Mr. Harmail Singh, D-68, Paryavaran Complex, IGNOU Road, New Delhi Vs. INCOME TAX OFFICER, WARD 24(3), NEW DELHI
July, 17th 2014
                                                         ITA NO. 1719/Del/2012


               IN THE INCOME TAX APPELLATE TRIBUNAL
                       DELHI BENCH "E", NEW DELHI
             BEFORE SHRI U.B.S. BEDI, JUDICIAL MEMBER
                                  AND
             SHRI SHAMIM YAHYA, ACCOUNTANT MEMBER


                         I.T.A. No. 1719/DEL/2012
                                A.Y. : 2003-04
Mr. Harmail Singh,                     vs.
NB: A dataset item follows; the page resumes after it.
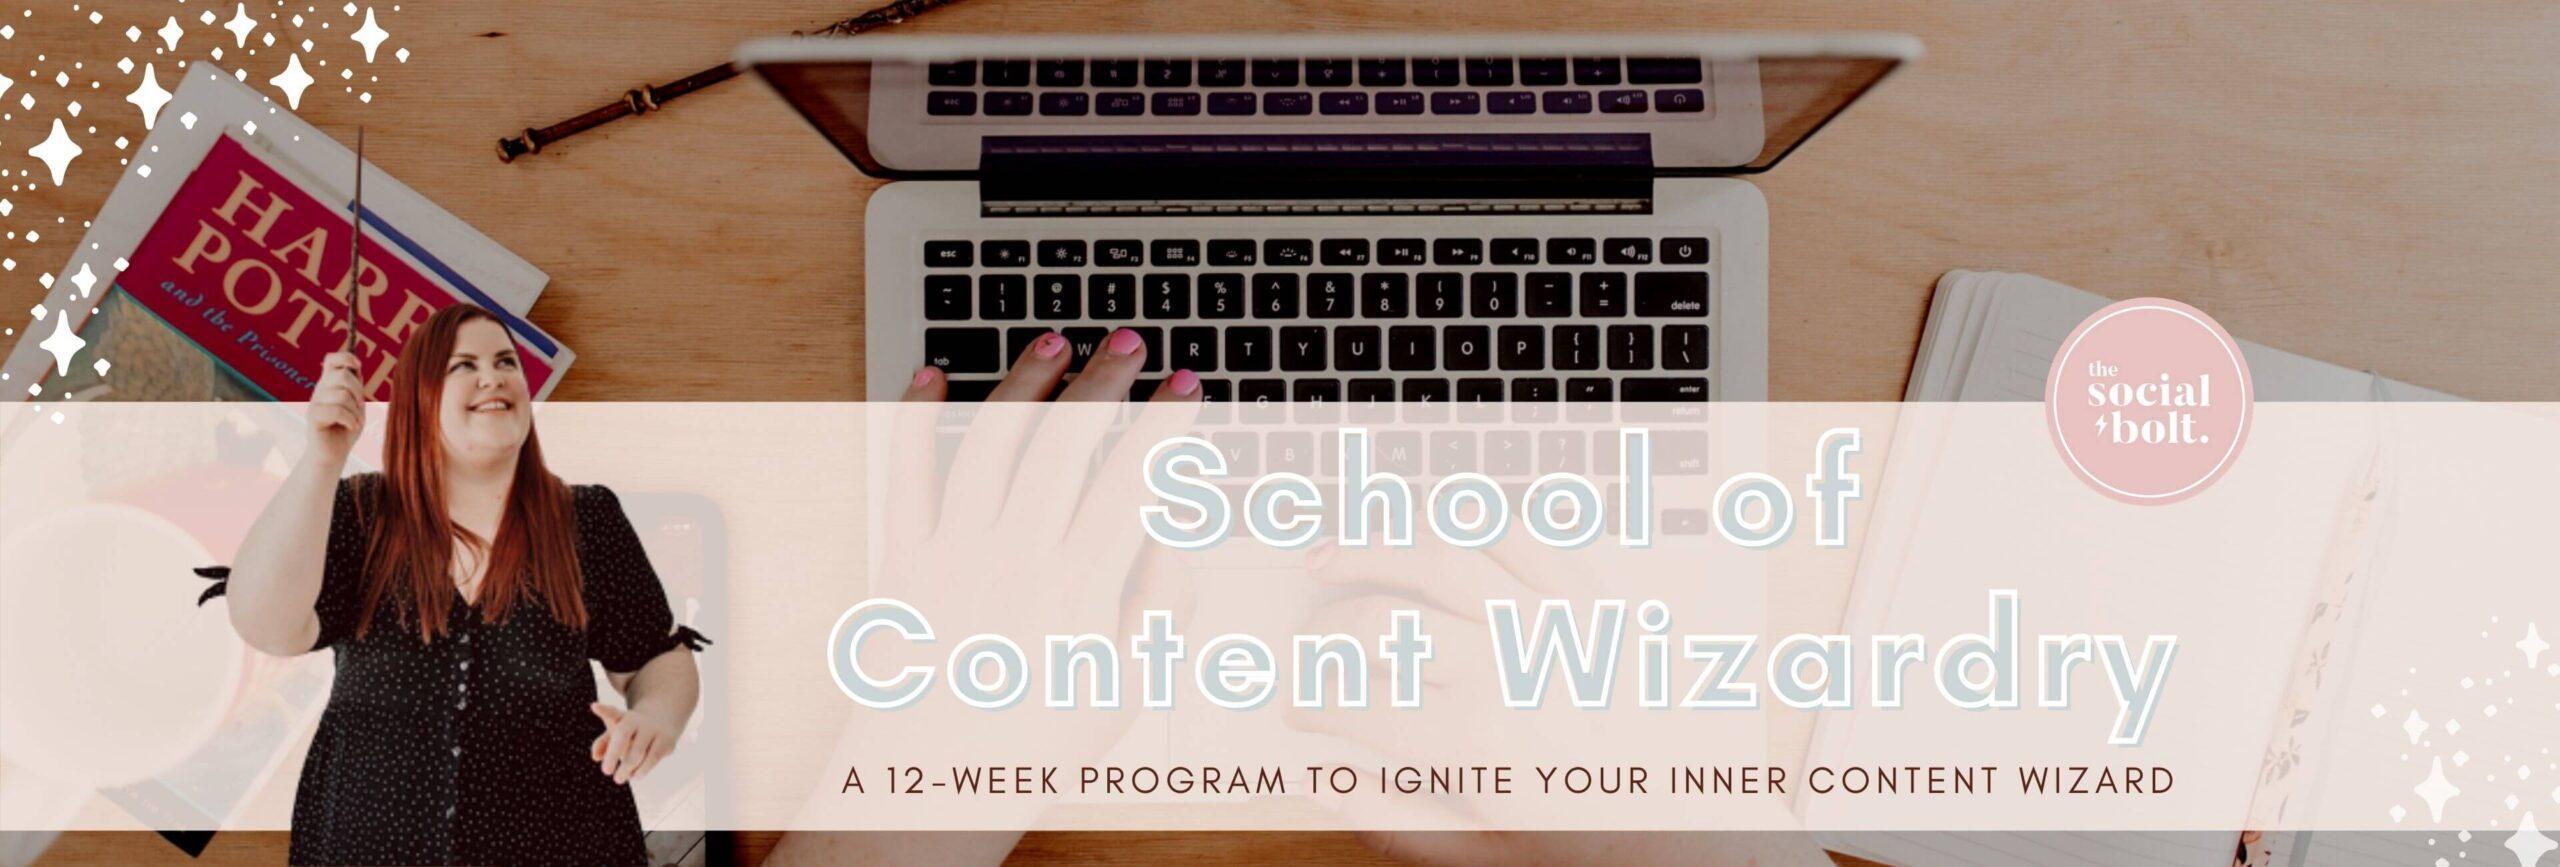 school-of-content-wizardry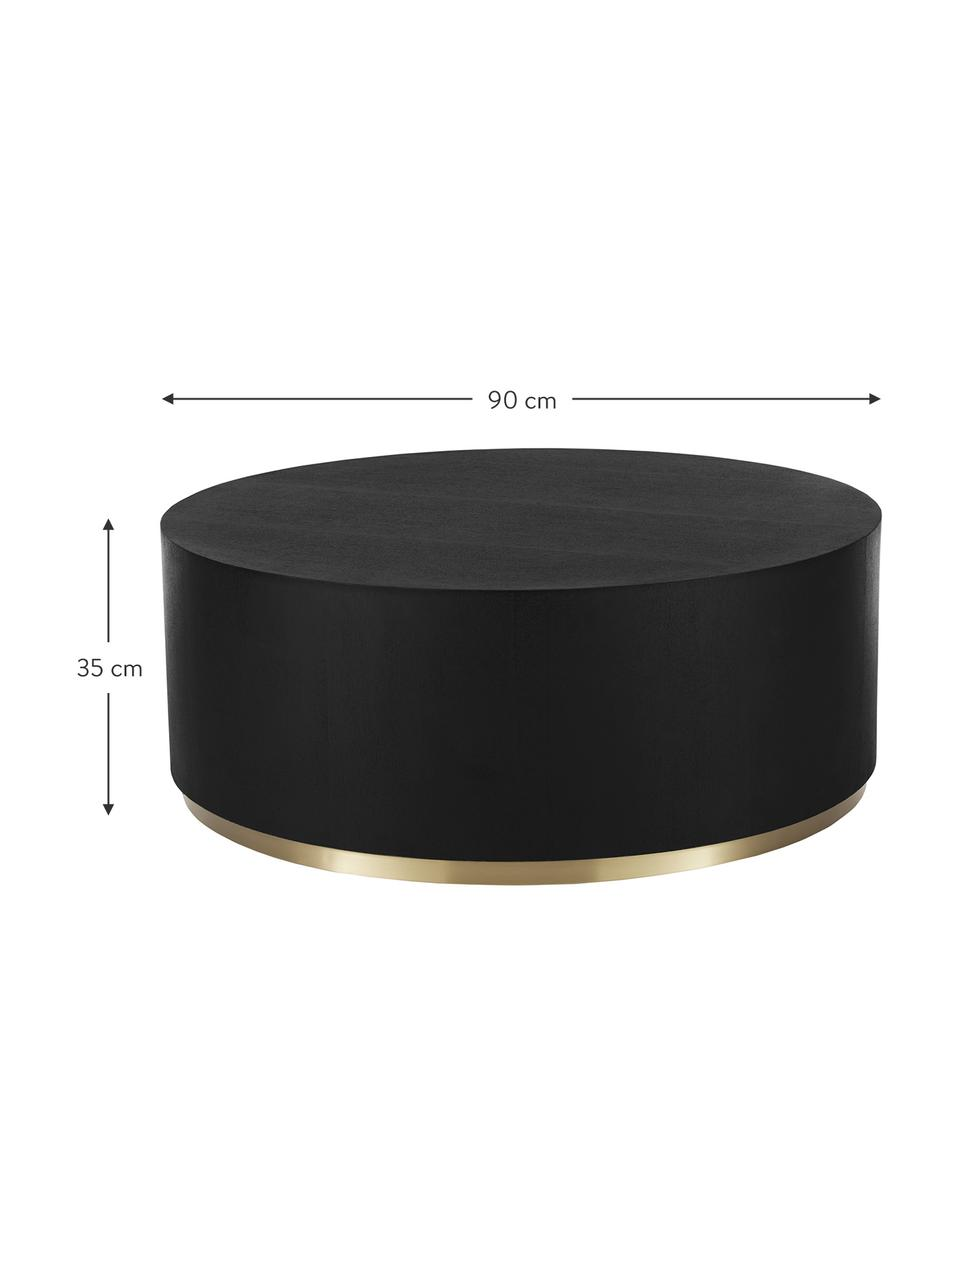 Grote salontafel Clarice in zwart, Frame: MDF met eikenhoutfineer, Voet: gecoat metaal, Frame: zwart gelakt eikenhout. Voet: goudkleurig, Ø 90 x H 35 cm

INCOME TAX OFFICER,
D-68,   Paryavaran       Complex,           WARD 24(3),
IGNOU Road,                                 NEW DELHI
New Delhi
(PAN: AQIPS9848L)
(APPELLANT)                               (RESPONDENT)

          Assessee by                 :   Sh. Rajesh Arora, CA
         Department by                :   Sh. Tarun Seem, DR


                              ORDER
PER U.B.S. BEDI : JM
      This appeal by the Assessee is directed against the order of the
Ld. Commissioner of Income Tax (Appeals-XI), New Delhi                dated
2.2.2012 pertaining to assessment year 2003-04,              whereby the
order of the Ld. CIT(A) in confirming the penalty imposed by the AO
u/s. 271(1)(c) of the Income Tax Act, 1961 has been challenged.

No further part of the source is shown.